Collected data Block Start

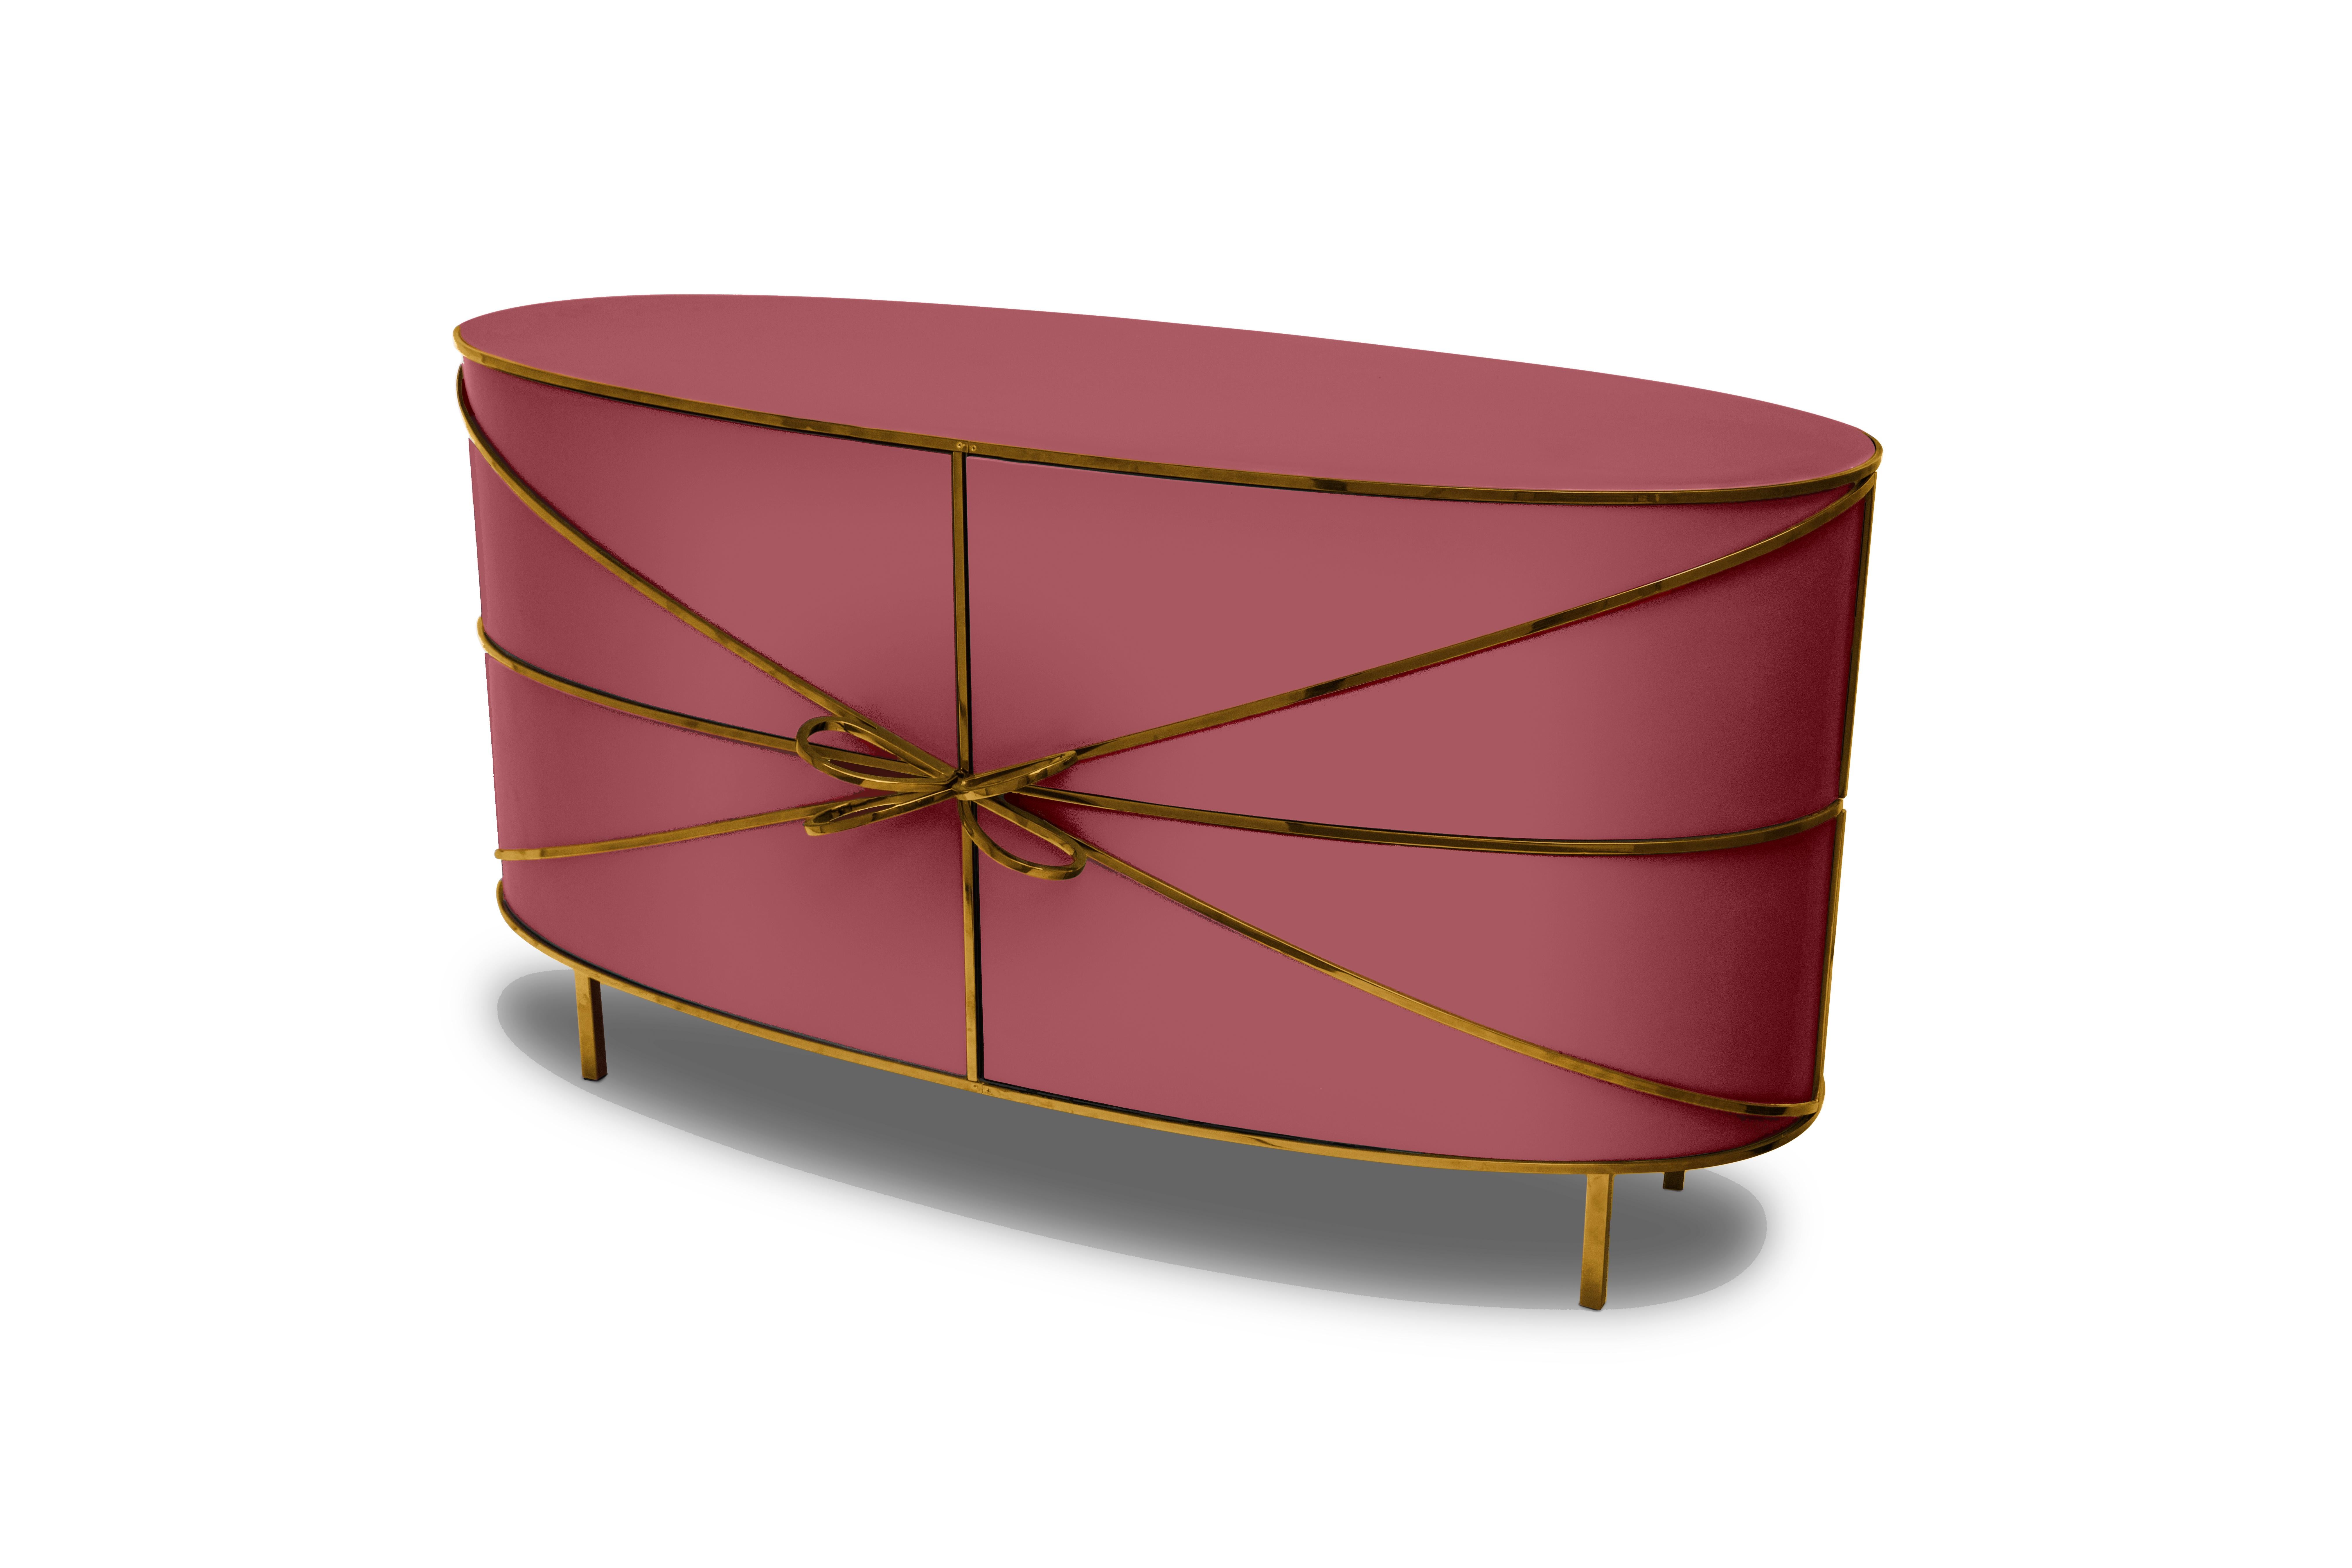 88 Secrets Rose Pink Sideboard with Gold Trims von Nika Zupanc ist ein wunderschönes rosafarbenes Sideboard mit sinnlichen, femininen Linien und luxuriösen goldenen Metallverzierungen. Ein Blickfang in jedem Innenraum!

Nika Zupanc, eine auffallend
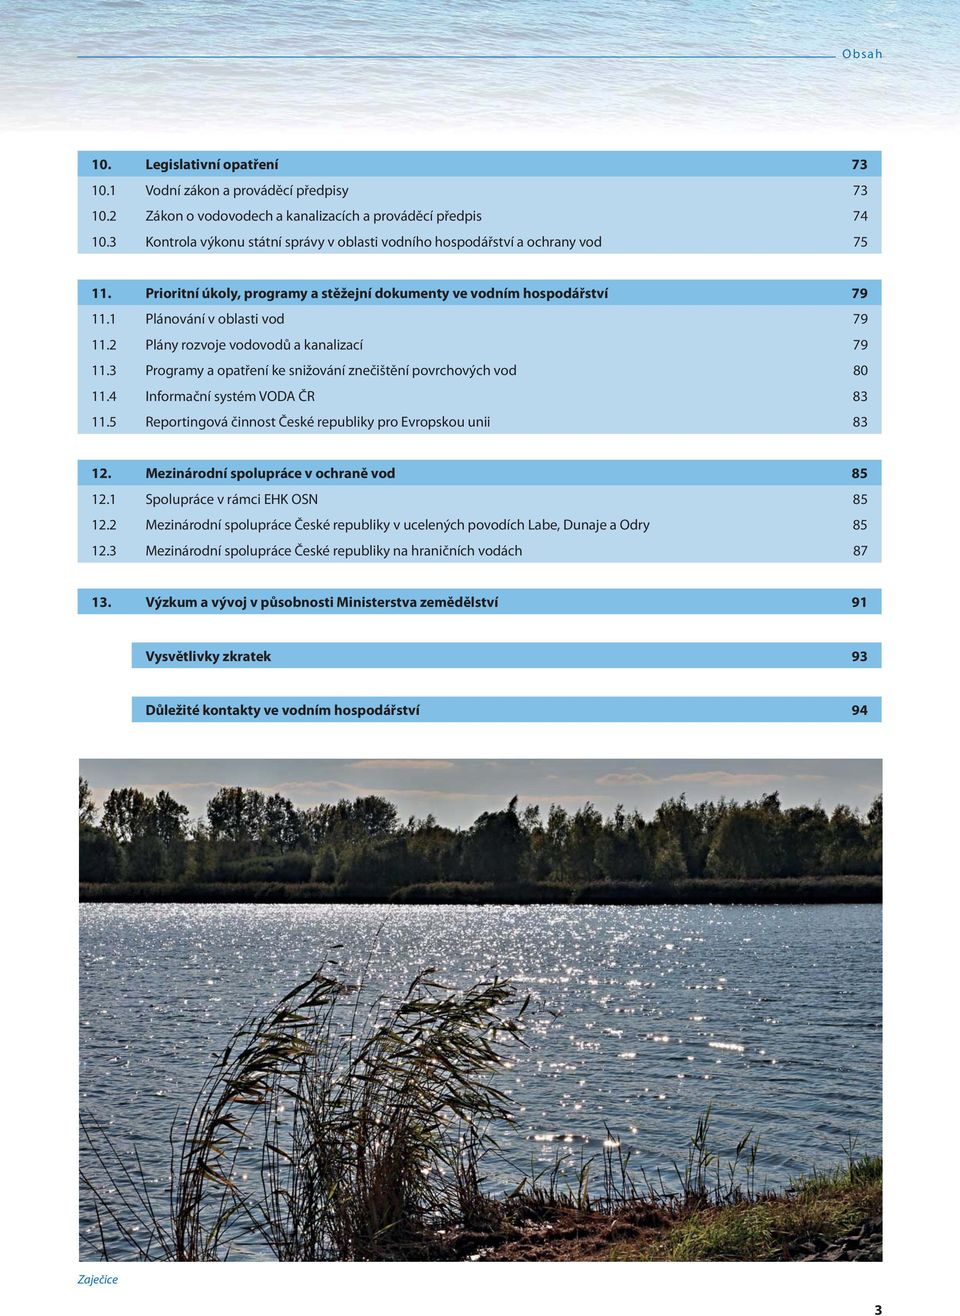 2 Plány rozvoje vodovodů a kanalizací 79 11.3 Programy a opatření ke snižování znečištění povrchových vod 80 11.4 Informační systém VODA ČR 83 11.
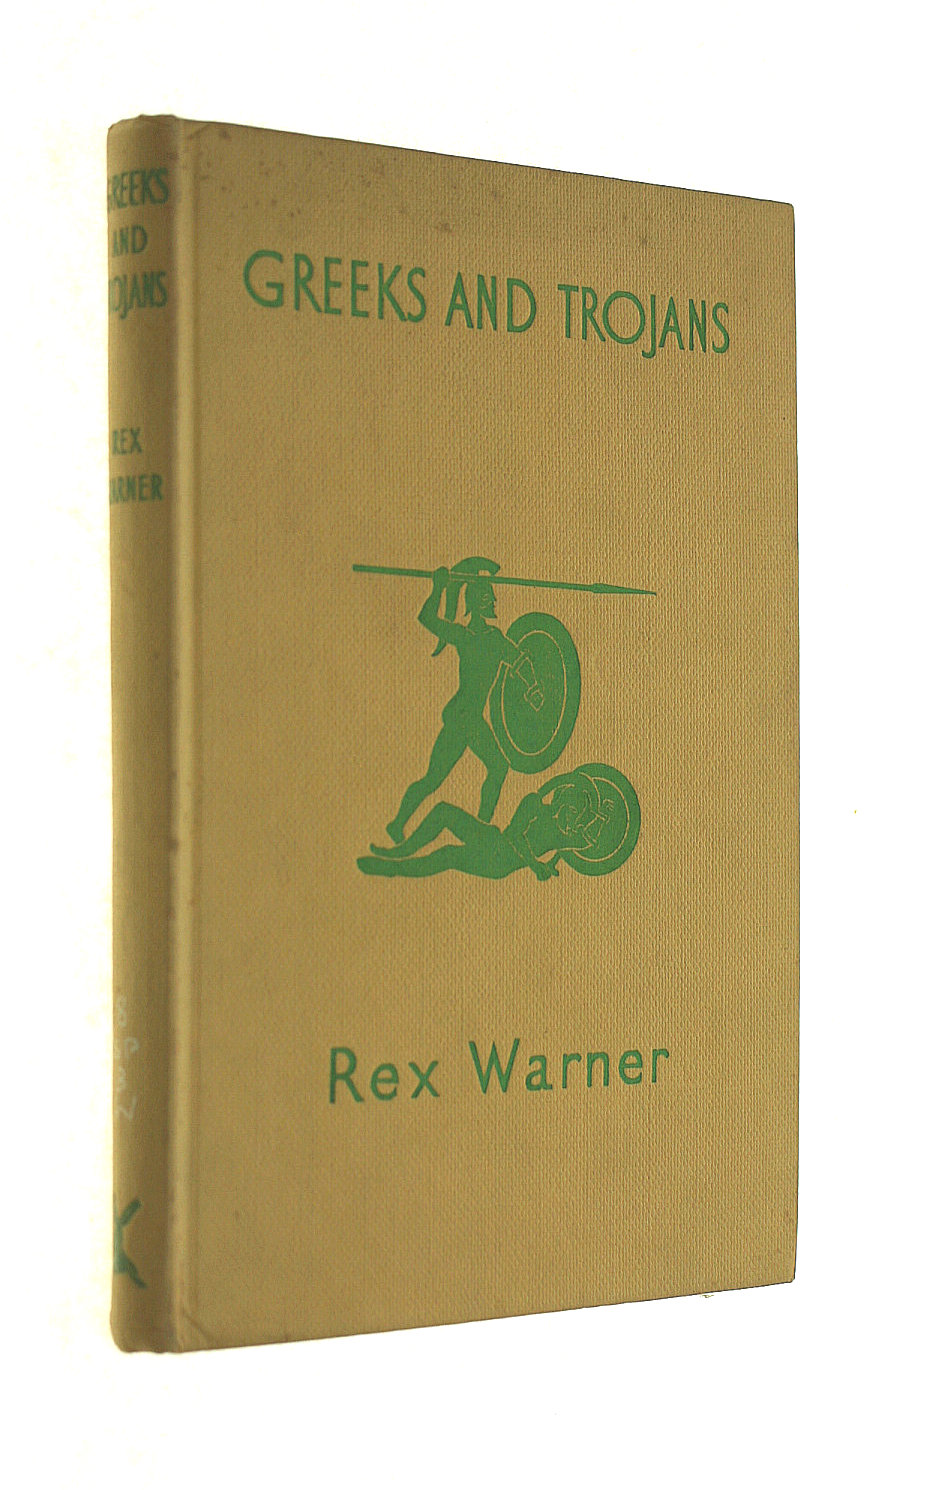 WARNER, REX - Greeks and Trojans

Collected data Block End

_What this task involves_
Exact repetition is required for the lines from the first one in the listing through the one that holds "Nika Zupanc, eine auffallend", and pictures are to be omitted.

_Final answer_
 88 Secrets Rose Pink Sideboard with Gold Trims von Nika Zupanc ist ein wunderschönes rosafarbenes Sideboard mit sinnlichen, femininen Linien und luxuriösen goldenen Metallverzierungen. Ein Blickfang in jedem Innenraum!

Nika Zupanc, eine auffallend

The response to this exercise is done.